There is an opportunity here to use DCE-MRI image datasets from the same or similar trials to explore the heterogeneity of BME and synovial perfusion/inflammation in order to better phenotype RA patients and show vascular responses following various treatment regimens that can complement the widespread and validated static scoring systems such as RAMRIS. Furthermore, there may be a unique opportunity to examine the overlap between RA and cardiovascular diseases that impact on vascular perfusion, especially in bone, implicating endothelial dysfunction and angiogenesis impairment in the cardiovascular system [13] and the ageing vasculature of arthritic joints [14].

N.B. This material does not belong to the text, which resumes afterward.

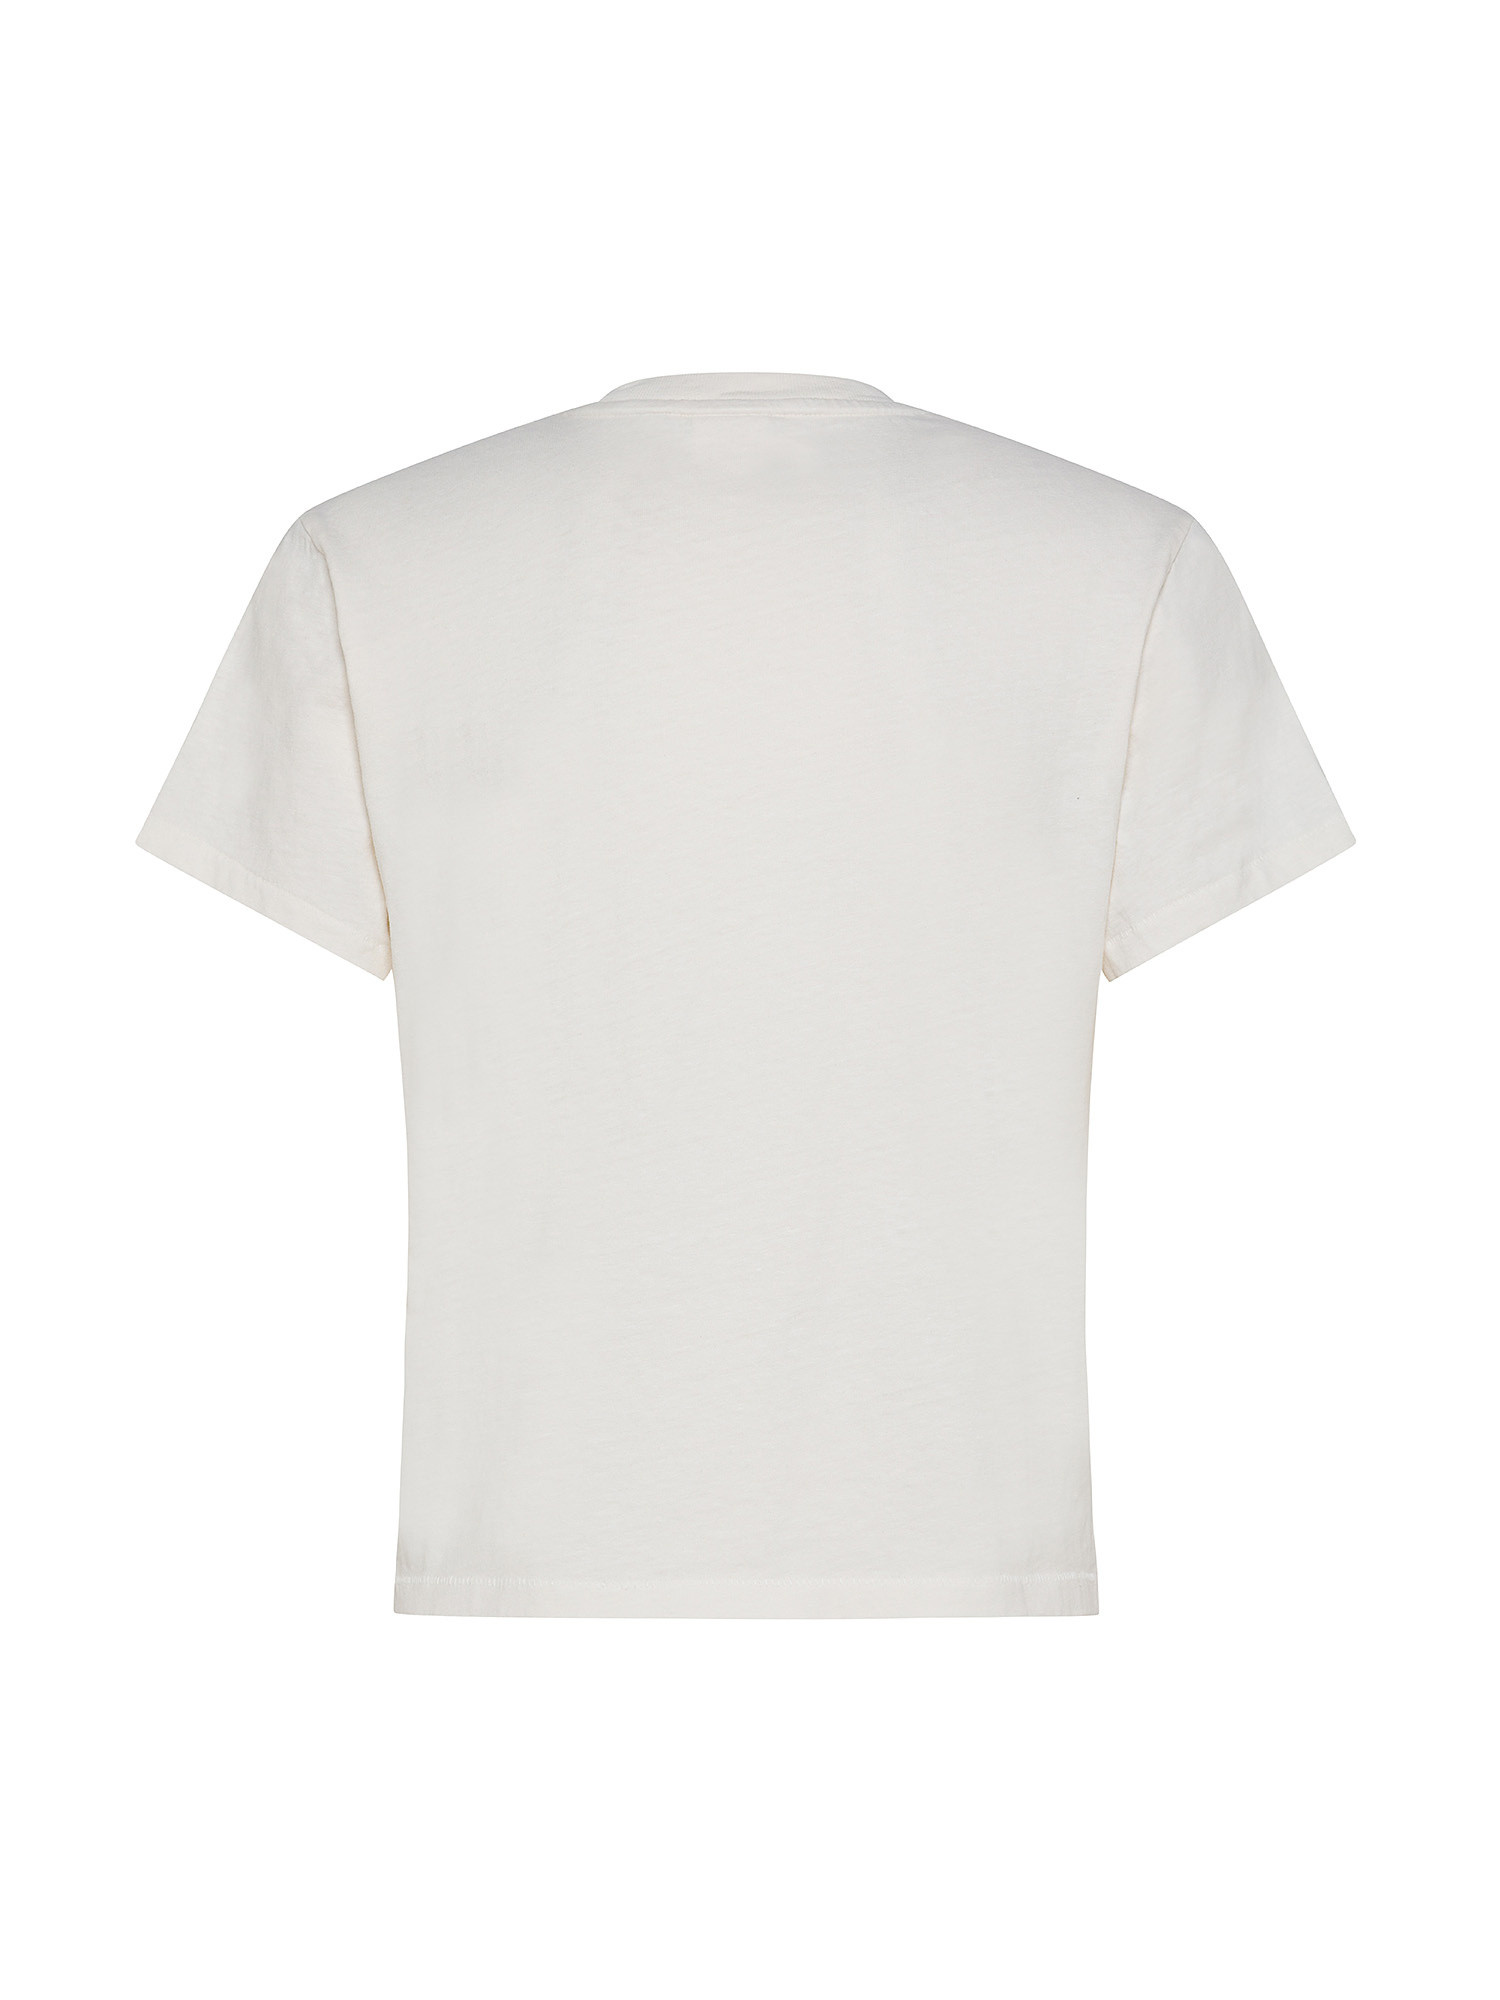 Levi's - T-shirt classic fit, Bianco, large image number 1

In summary, we suggest that advanced imaging can be a potentially important role to facilitate disease diagnosis, and possibly monitor disease progression, which may then enhance clinical trials of new RA treatments. Bone marrow may indeed be an important site for looking at these pathological changes that drive joint damage and destruction in RA and other joint diseases such as PsA and even in the inflammatory phenotypes of OA [15, 16]. It has been proposed that imaging remission should only be selected as a target if it can be convincingly demonstrated that it can be treated and that the clinical outcome for patients will be improved by trying to achieve imaging remission in addition to clinical remission [17]. Our hypothesis is that different grades of BME and synovitis examined with DCE-MRI may help predict erosive progression regardless of treatment strategy in patients with RA in clinical remission and low disease activity. For these purposes, DCE-MRI may prove to be a useful tool to test, in a more targeted way, precision treatments in RA. Using such advanced imaging approaches can help identidy key phenotypic biomarkers of disease, which can potentially lead to better outcomes in smarter clinical trials and in the rheumatology clinics of the future [18].